# Aero TT



## tone22 (Jan 5, 2010)

New to this site as of today, but have been looking at BD and interested in getting the Mercier aero tt and was wondering if anybody out there has one? What are your opinions in it? Looking for a good inexpensive ride to log some miles on to be ready for Northstar dh'ong this summer. Also looking at the kestrel evoke sl but the price is a bit steep even at 50% off msrp.


----------



## tone22 (Jan 5, 2010)

Ordered the bike on 01/21, and to my suprise it shipped out on 1/22, and delivery is scheduled for 01/28. Was not expecting to recieve it so soon, especially from an online dealer.


----------



## tone22 (Jan 5, 2010)

Ok after getting the bike together and dialing it in on 01/28 and making a few neighborhood laps it was ready for sat.

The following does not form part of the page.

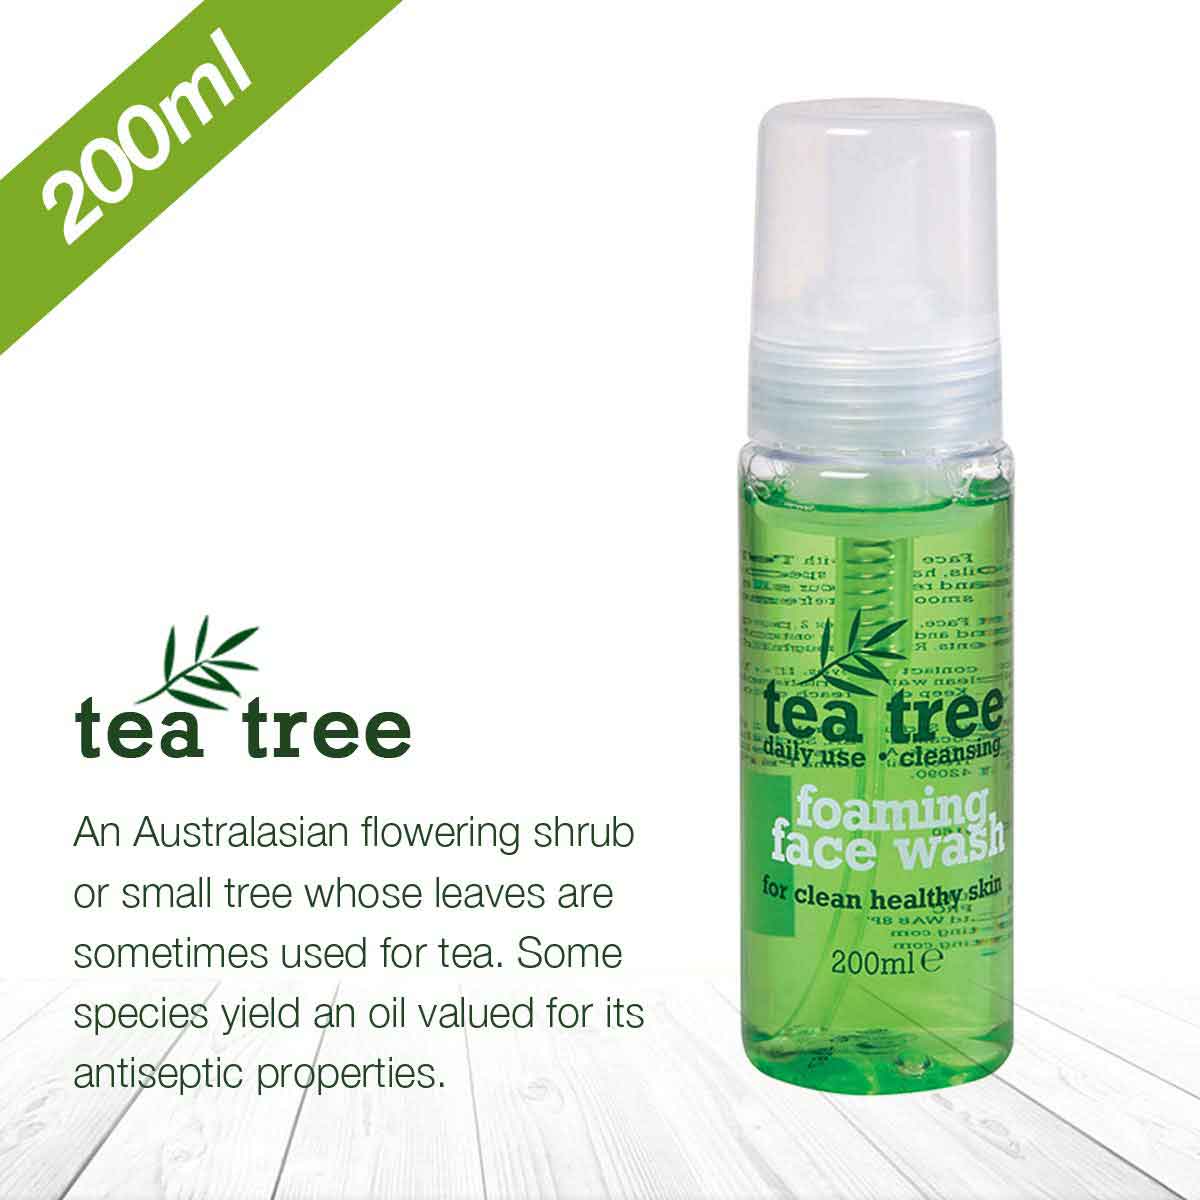 Xpel Tea Tree Foaming Face Wash (200ml)

First thing i noticed is that this bike is alot lighter than i thought it would be, and being 6'4" and 255lbs this frame is very stiff. The stock bars have quite a bit of flex and the shimano 105/ultegra group leaves something to be desired, mainly the front derailer. None of the issues are a big deal because sram group will be added and stem and bars will be the second upgrade. Highly recommend a carbon fiber seatpost for it, got one at coloradocyclist.com, fsa sl-k for $59 bucks. All in all, after a 40 mile ride i am happy with my purchase, the frame alone made it worth the money for me. Pleasently suprised


----------



## Solearas (Nov 6, 2009)

6'4 255 and you mention flex?  

Signed, 

Former 255'er

Congrats on your purchase.


----------



## tone22 (Jan 5, 2010)

I thought that was funny also. Can't expect too much. Its not as fun to ride as my intense m1 dh bike yet. But it will be when I get it all done.


----------